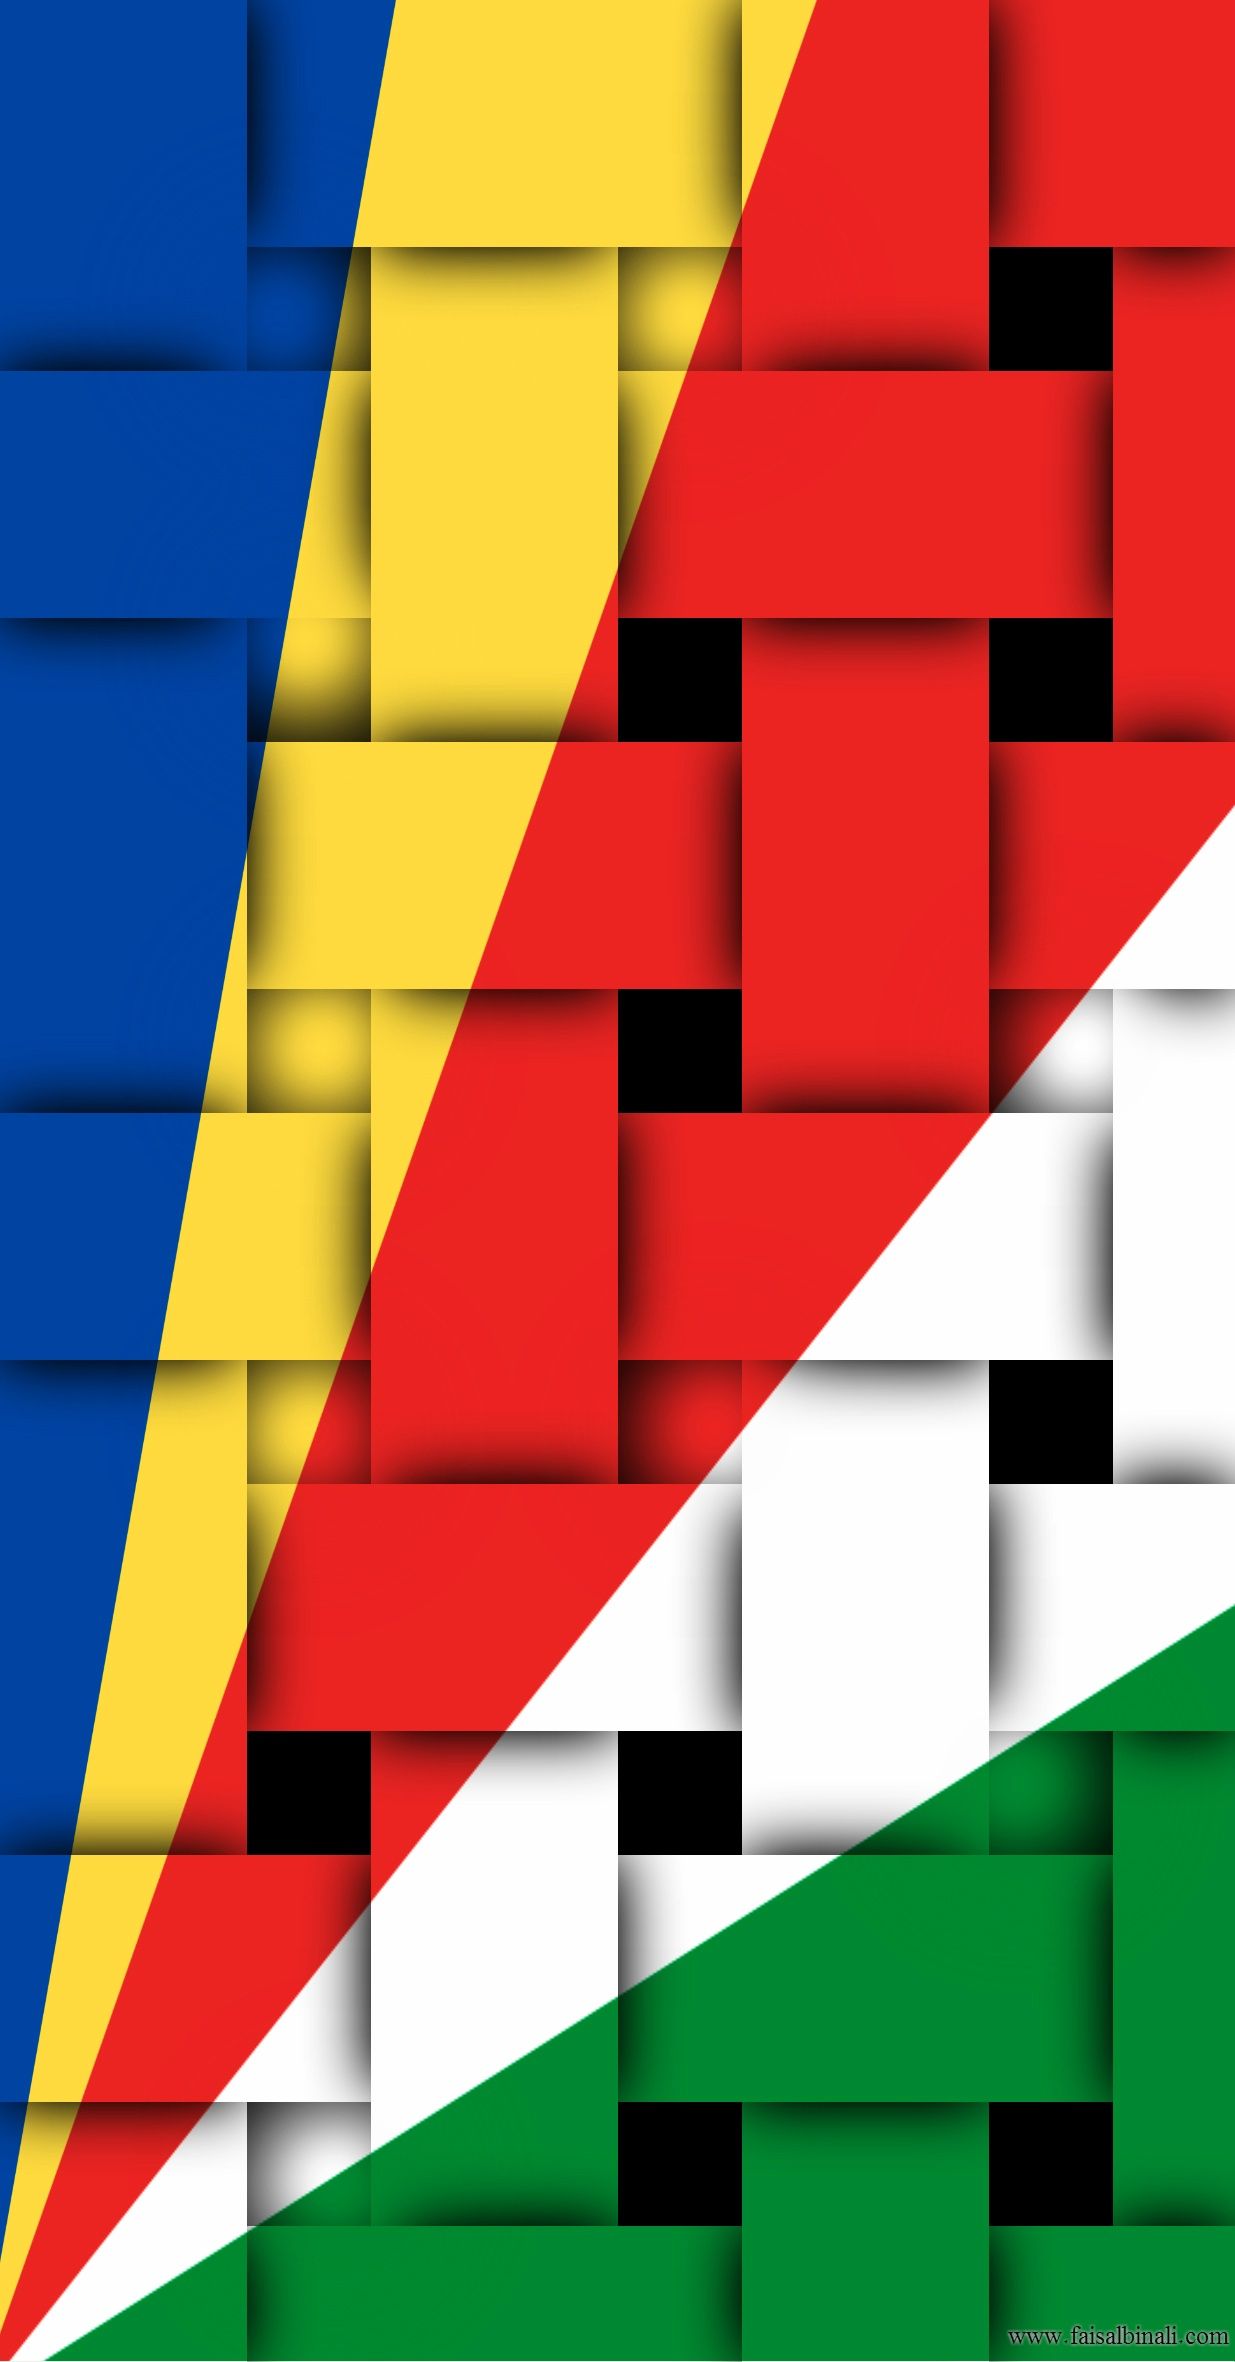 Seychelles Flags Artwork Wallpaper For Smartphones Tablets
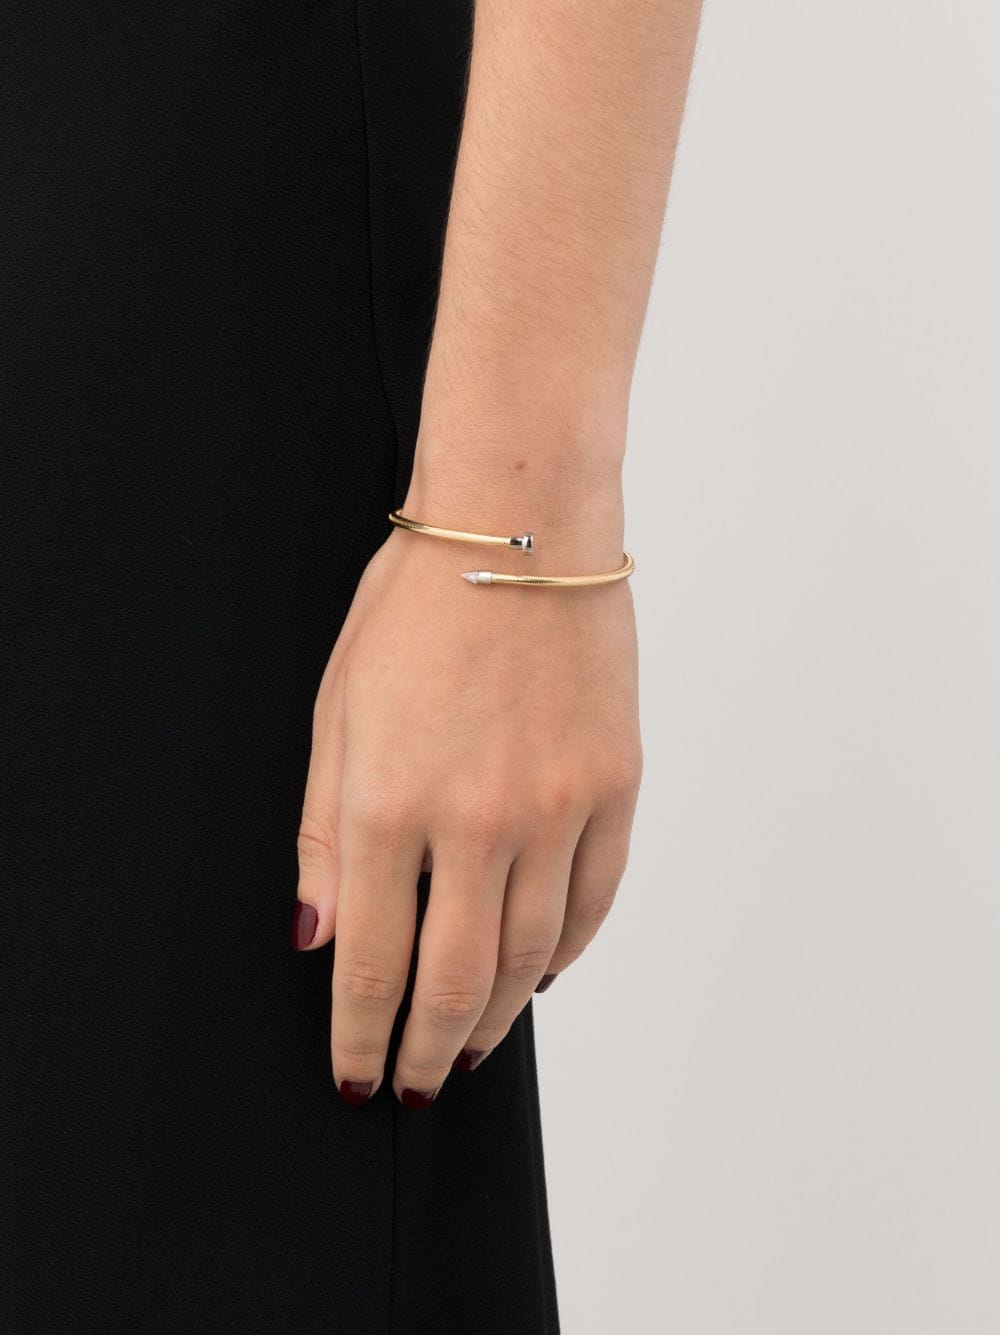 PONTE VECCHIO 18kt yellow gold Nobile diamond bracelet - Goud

--

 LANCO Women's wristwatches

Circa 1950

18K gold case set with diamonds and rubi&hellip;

• **THE TASK**
The data above holds the lines to copy: start at the one with "Seychelles Flags Artwork", stop at the one with "PONTE VECCHIO 18kt", include both, copy them exactly without pictures, and copy nothing else.

• **YOUR RESPONSE**
 Seychelles Flags Artwork Wallpaper For Smartphones Tablets
 PONTE VECCHIO 18kt yellow gold Nobile diamond bracelet - Goud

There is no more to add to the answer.